The S&P 500 and the Dow have both jumped roughly 20% off their March 23 lows, with Monday’s surge coming on signs that social distancing is working in the U.S. Despite the positivity, no one knows when the economy will start to return anywhere close to normal levels even if the number of coronavirus cases does peak soon.
That said, Sprout Social, Inc. (SPT - Free Report) appears ready to weather the coronavirus economy as it helps businesses better connect with their customers across social and digital platforms.
Sprout Social’s Pitch
Simply put, Sprout’s cloud software offerings allow customers to manage their social media efforts across a centralized platform. The Chicago-based firm enables businesses to bring “together social content and messaging, data and workflows in a unified system of record, intelligence and action.”

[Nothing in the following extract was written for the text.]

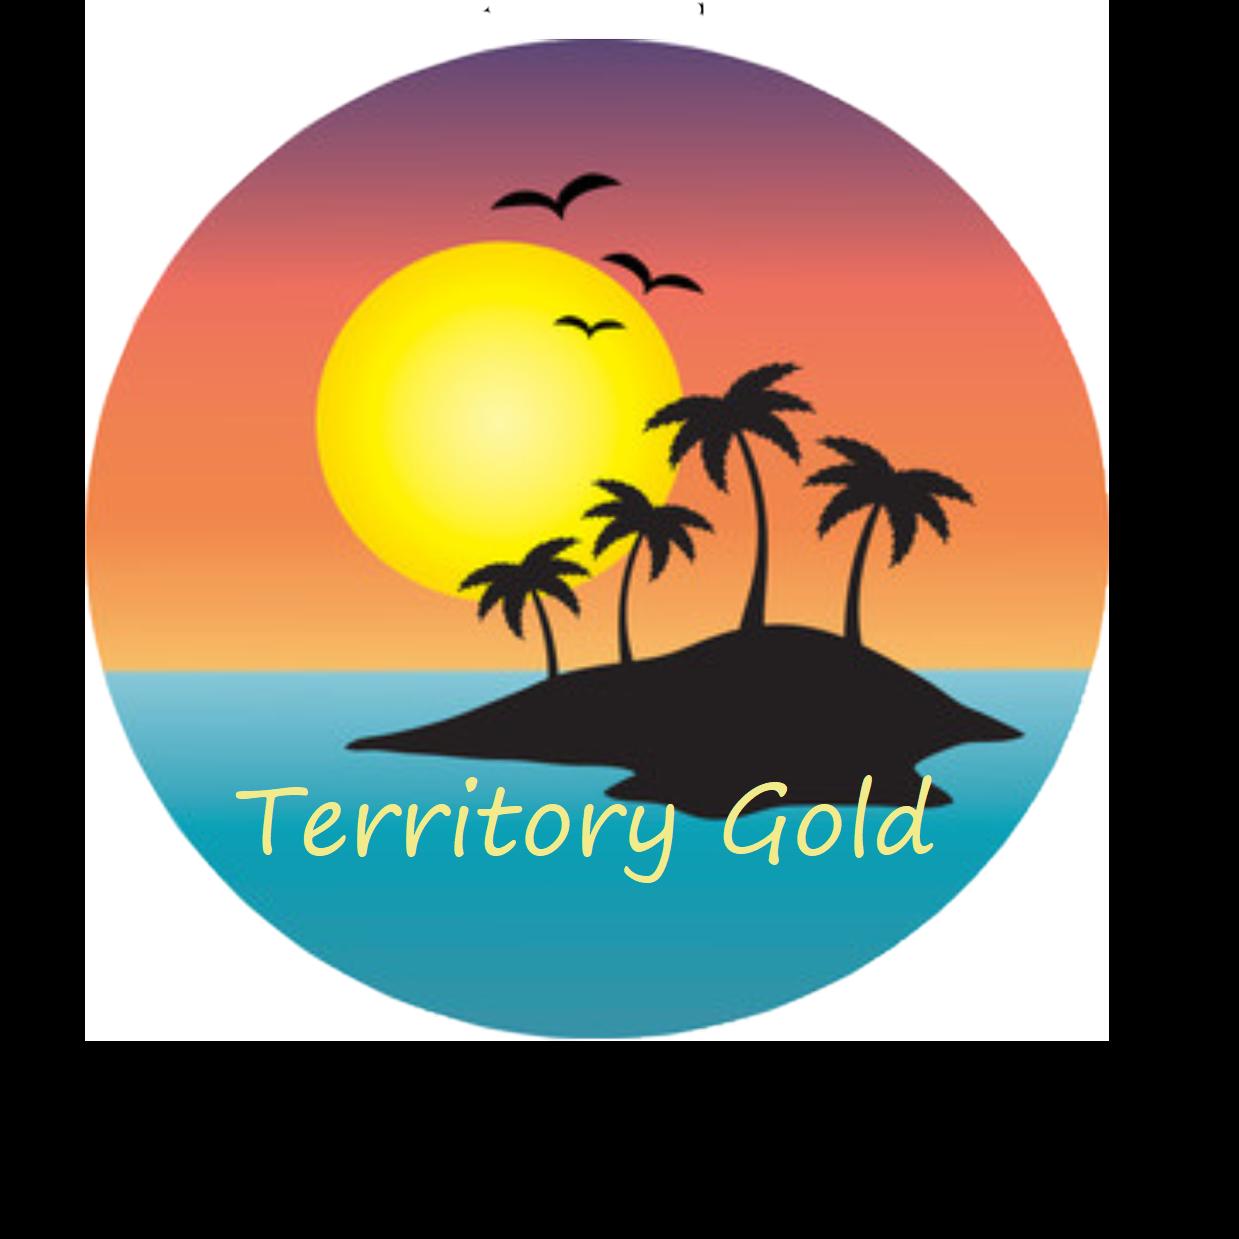 Territory Gold

SPT’s business model looks attractive as companies, organizations, schools, governments, and more attempt to maximize their social and digital efforts, across a growing number of platforms. Sprout operates on the largest platforms, which includes Facebook (FB - Free Report) and Instagram, Twitter (TWTR - Free Report) , Pinterest (PINS - Free Report) , LinkedIn (MSFT - Free Report) , Google (GOOGL - Free Report) , and more.
The firm boasts over 23,000 customers and its fiscal 2019 revenue surged 30% to reach $102.7 million. Investors should also know that Sprout went public in mid-December 2019. “We believe we are well positioned to be a long-term leader in a multi-billion dollar market opportunity based on our exceptional products, a world-class culture and deep commitment to our customers,” CEO and co-founder Justyn Howard said in a statement.
The nearby chart shows us that SPT shares have fallen after getting off to a somewhat hot early start. Sprout stock closed regular trading Tuesday up 1.48% at $13.75 a share, on lower than average volume, which still puts it over 35% below its highs.
Looking ahead, our current Zacks estimates call for Sprout’s fiscal 2020 revenue to jump 26%, with 2021 set to climb another 30% to hit $167.56 million. Meanwhile, its adjusted loss is expected to shrink substantially this year and next.
SPT’s longer-term positive earnings revision activity helps it earn a Zacks Rank #1 (Strong Buy) at the moment. Sprout is also part of a highly-ranked Zacks industry and it seems like it should be able to succeed during the coronavirus economy and beyond.
However, newly public tech stocks trading at under $15 a share should likely only be scooped up by more risk-taking investors, given the current volatile market conditions. Others might want to wait for Sprout to report its Q1 fiscal 2020 results, which it recently announced will be released on Wednesday, May 6.